Open chinese-words-separator opened 1 year ago
OK so the topic of variants is more complicated than it should be to say the least😊
The first thing to note is that “traditional” and “simplified” does not really apply to a word, but to a character. But we can't just have a character normalisation table that says for example “every time you see 里 in Simplified, it’s 裡 in Traditional” because it isn’t—it’s 裡 in Traditional only in the specific instances where it means “inside”, which is not always. Similarly, there are Traditional characters that might or might not map to specific Simplified characters depending on their context. There are plenty of character mappings that really do work 100% of the time, which is why I have the --post-normalise
option on my Annotator Generator—that reduces the download size of my Android apps, because I can eliminate alternate forms of most words just by feeding all input characters through a normalisation table before starting to split, but this does not work on all characters, so I still need to handle the others. Thankfully, most Chinese text does not mix up Simplified and Traditional characters at random in the same word—it’ll be 为什么 (Simplified) or 為什麼 (Traditional), but not usually 为什麼 (Simplified first character, Traditional last character)—well that specific example can be handled by my normalisation table, but if it couldn’t then it's usually safe to pretend that there exist Simplified Chinese words and Traditional Chinese words, and hence have "Simplified" and "Traditional" fields at a word level in dictionaries. Which also means software doesn't have to have a normalisation table—if you don't, you'll just have to ship a bit more data, and you just might not cope so well with that one-in-a-million page where someone mixes Traditional and Simplified in the same word, usually due to some very old Traditional-to-Simplified conversion software having gone wrong.

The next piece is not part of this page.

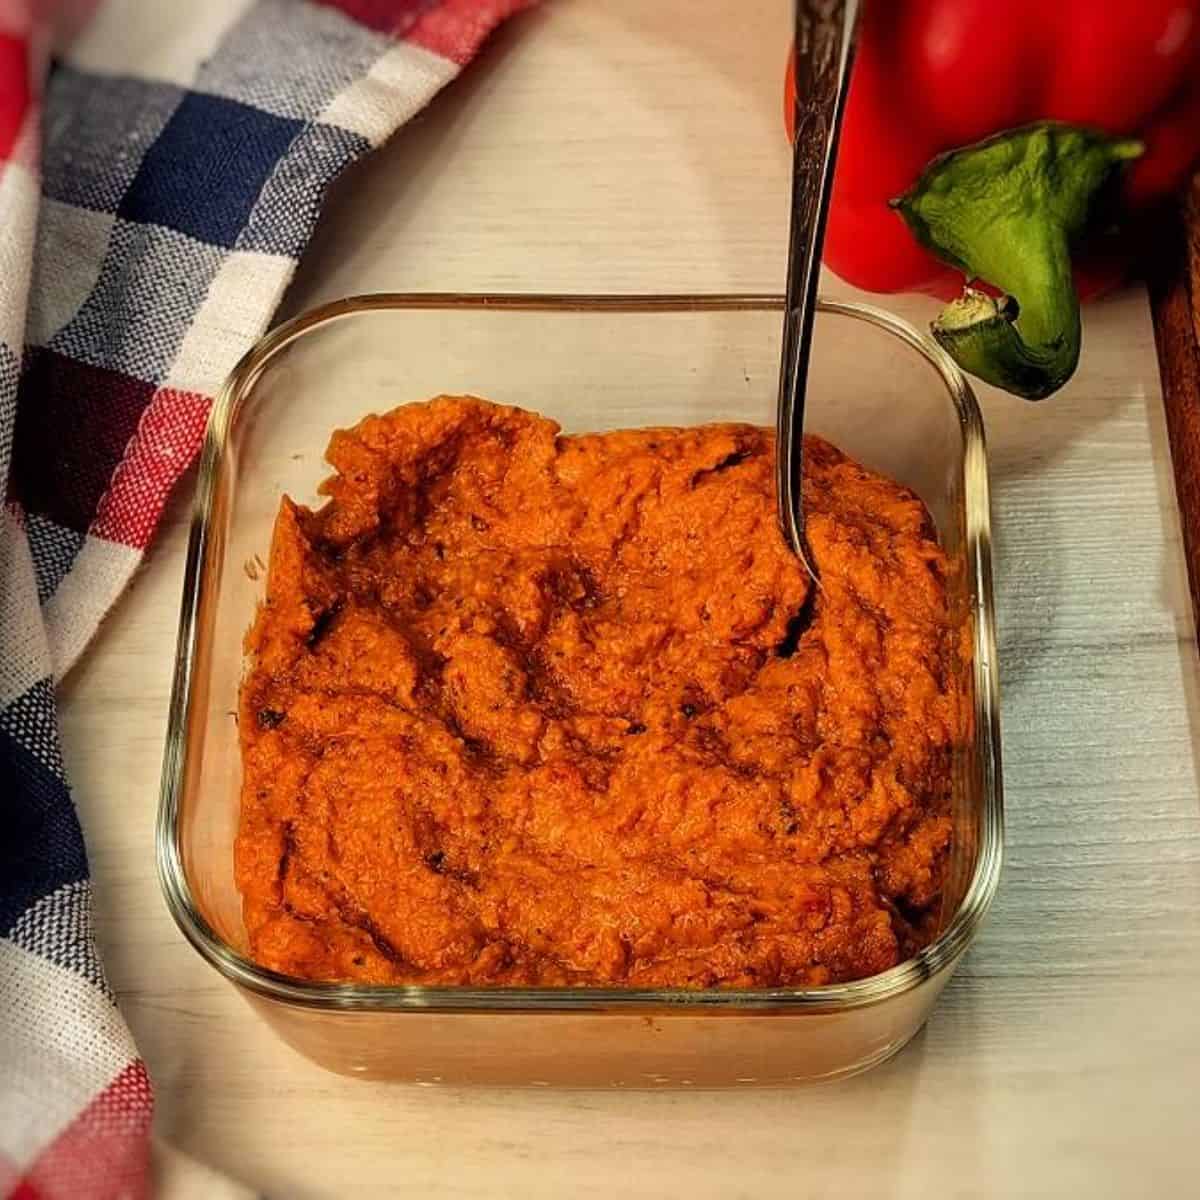 romesco sauce in a glass container
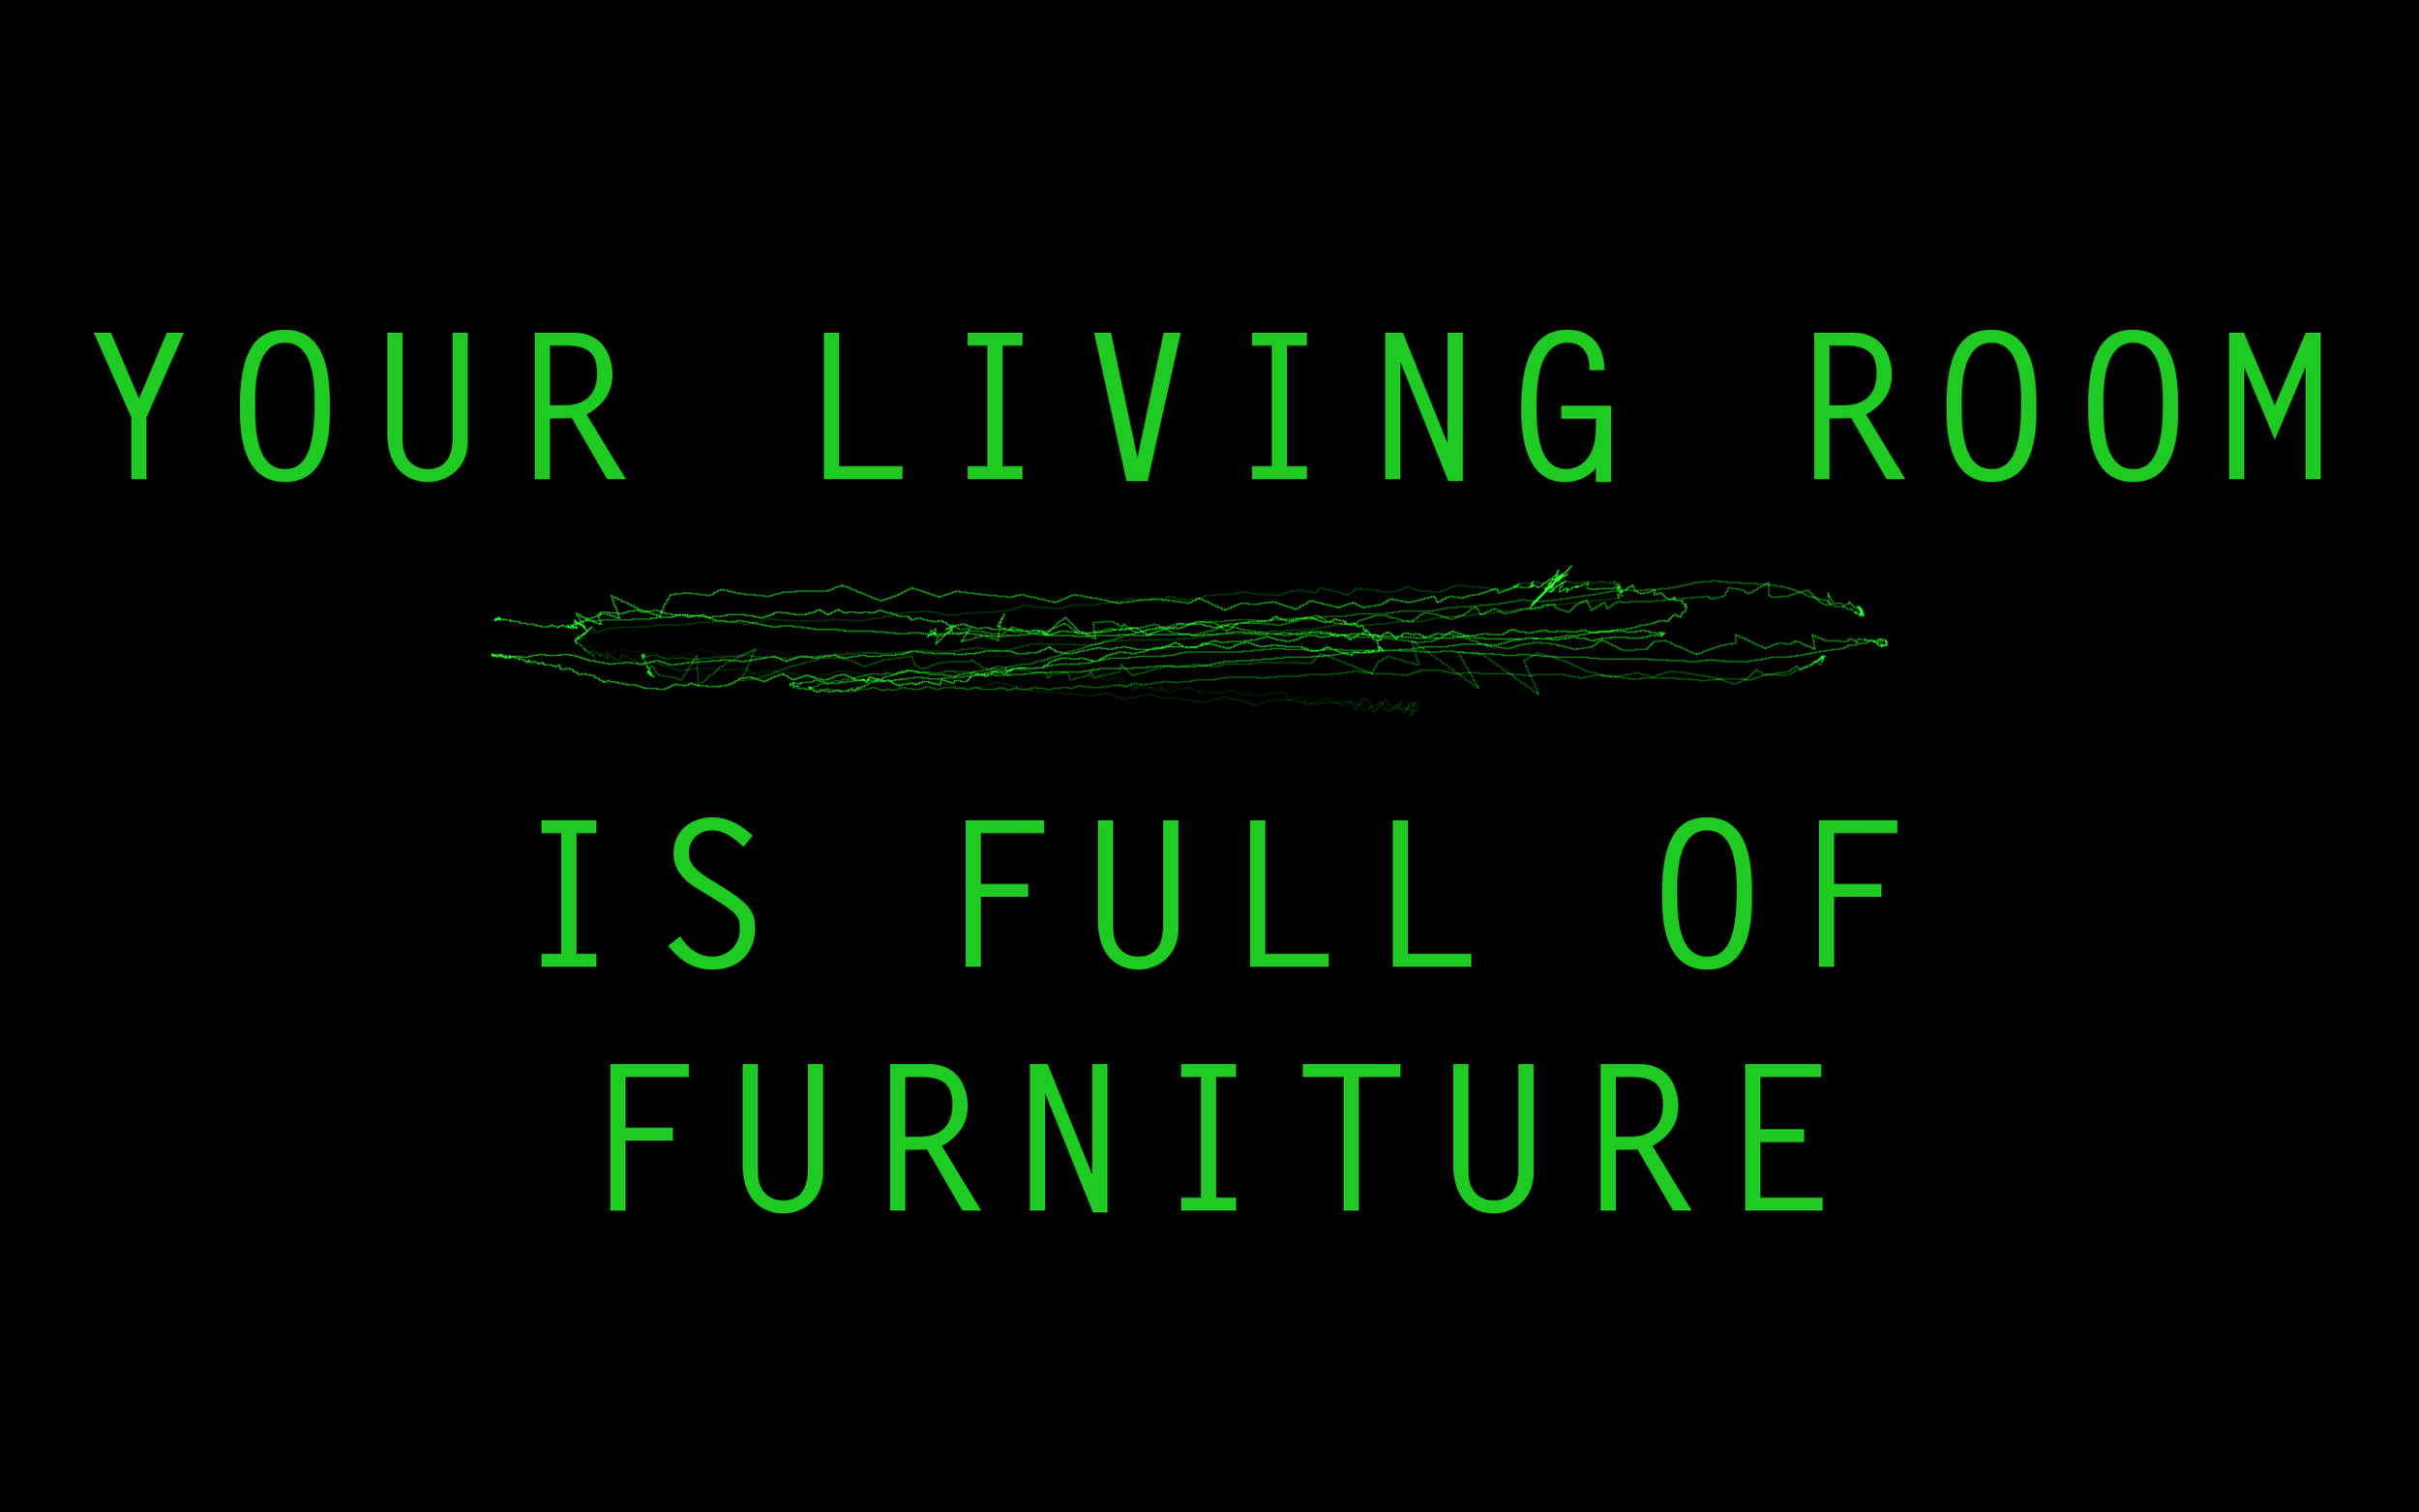 Your Living Room is Full of Furniture

Now, enter variant characters. Unlike traditional and simplified, the variant characters really do get mixed in with non-variant ones almost at random (but usually on Traditional pages though: it's rarer to get variants on Simplified pages). So if we have a 5-character entry and 2 variants exist for each of 3 of those characters, then in theory there are 27 possible variations of that word—it's that bad. Thankfully though, the normalisation table does a much better job of ironing out the variants—and I haven't really found I needed to add so many "variant" entries since I implemented the table. The variant entries I did add were based on words I found in real texts (rather than "theoretically this is possible")—the process goes "try to read a text, oops it's getting split wrongly, can I add an entry to fix that". It's possible that some of those entries can now be removed if they'll be handled properly by the table anyway, but I didn't go out on a "crusade" to remove them all: after all, not all software has a normalisation table, and those entries are versions that I've actually seen in real text so we might as well keep them. (If you give Annogen a table, it automatically applies it to all the input text and de-duplicates the resulting rules, so it's not bothered by too many variants.) But on the other hand I've not been collecting so many new variants recently.
Also: usually when I put "variant" I meant "this word contains at least one variant character", but occasionally I just meant "this is a really weird way of writing the word but I've seen it done". At some point I should probably check through and clarify which entry is which.
In the case of 干淨/乾淨 the "variant" part is the second character, 淨. The "normal" version of this (at least in this word) would be 净 in Simplified, 凈 in Traditional—one less little stroke in the middle of the left-hand side, easy to miss. So the logic I applied was "well, looking at the rest of the word, i.e. the first character, 干 is simplified and 乾 is traditional, so I will put 干淨 into "simplified" and 乾淨 into "traditional", and "variant" into the definition. Actually the labels "traditional" and "simplified" make less sense in the presence of variants (we are very much backward-fitting data into a format that wasn't originally designed for it), but at least we can make them apply to the non-variant part of the word.
In the case of 怎麽, we're using 麽 U+9EBD instead of 麼 U+9EBC. Tiny difference in strokes and only one digit different in Unicode numbers; I even have a book whose paper form has 麼 but whose electronic form has 麽, so I'm suspecting the variant 麽 arose from a typo in some old-character-set-to-Unicode conversion table that the publisher's software was using (but if publishers are putting this out then we do need to recognise it when it happens, typo or not—I'm not saying we have to recognise every typo that ever happens, but really common ones, such as ones arising from little bugs in publishers' character-set conversion tables that then got used in many books, might be worth addressing, hence the 怎麽 and 多麽 entries). Now, Wenlin's zidian lists the "wrong" U+9EBD 麽 as being a simplified character, and says its traditional equivalent is, guess what, 麼 U+9EBC. So we could view this word as being "a weird way of writing the Simplified word 怎么" that's equivalent to normal Traditional 怎麼. So I decided to put the variant form into the Simplified field in this case (putting it into the Traditional field would probably make Wenlin 3 not accept the entry, although I haven't actually tried this), and the Traditional field is just a copy of the normal word's Traditional field.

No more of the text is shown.